Par ailleurs, la problématique de la transition énergétique est d’emblée abordée par le rapport en des termes qui ne laissent place à aucune ambiguïté : « La transition écologique et la réduction des émissions de gaz à effet de serre n’est pas une option. Elle impose de repenser la mobilité et la hiérarchie des priorités d’investissements ». Plusieurs recommandations sont ainsi formulées notamment en matière d’innovation. Si des crédits d’accompagnement pour les investissements sont dirigés notamment aux véhicules routiers (véhicules électriques par exemple), ceux-ci s’appliquent également aux expérimentations dans le secteur ferroviaire (hydrogène, gaz).

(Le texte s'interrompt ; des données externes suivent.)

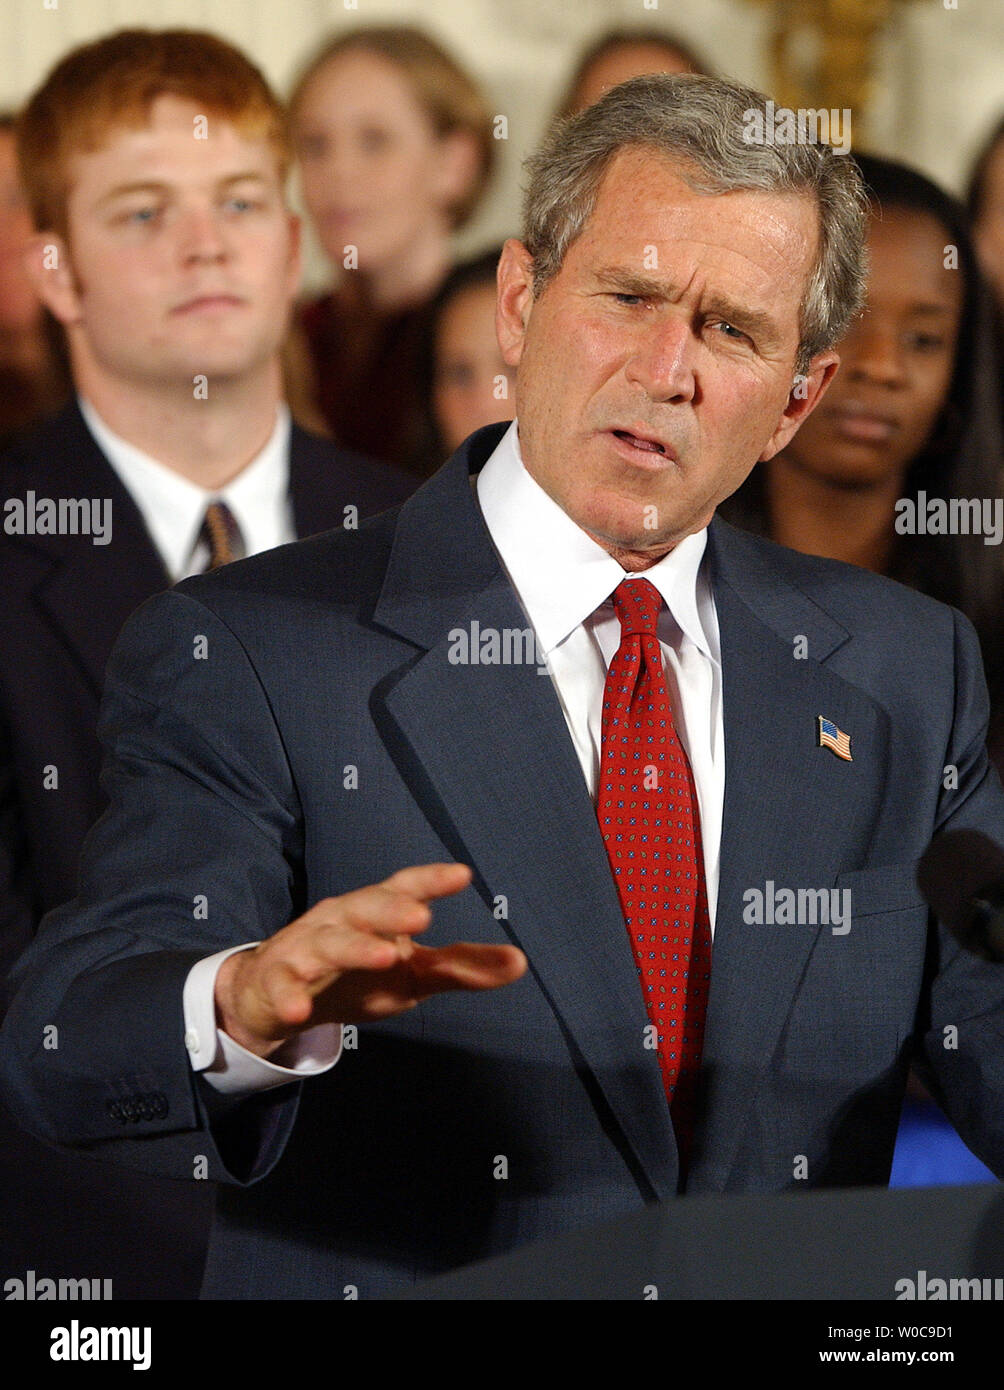 President George W. Bush  gestures during a ceremony honoring NCAA champion teams in the East Room of the White House on November 17, 2003. Present were University of Illinois-Champaign Men's Tennis, University of Florida Women's Tennis, University of Virginia Men's Lacrosse, Princeton's Women's Lacrosse, Rice University Men's Baseball, UCLA Women's Softball, Clemson University Men's Golf, and University of Southern California Women's Golf.   (UPI Photo/Roger L. Wollenberg) Stock Photo

Enfin, il faut saluer l’effort fait par le Conseil dans ses propositions pour maîtriser la dépense publique et s’assurer dans le même temps que le fardeau financier pesant sur les collectivités territoriales soit contrebalancé par un engagement plus important de l’Etat. Le rapport Duron (du nom du président du Conseil Phillipe Duron) recommande ainsi un co-financement à parité et un redéploiement par l’Etat d’une plus grande part de la TICPE (taxe intérieure de consommation sur les produits énergétiques) vers les dépenses mobilité. Si le rapport ne constitue qu’une base de travail pour le gouvernement, qui sera amené à adresser sa copie finale en avril, il constitue un réel engagement en faveur d’une remise à plat des politiques de mobilités et une meilleure prise en compte des deux objectifs-clés que sont le respect de l’environnement et la priorité accordée à la mobilité quotidienne.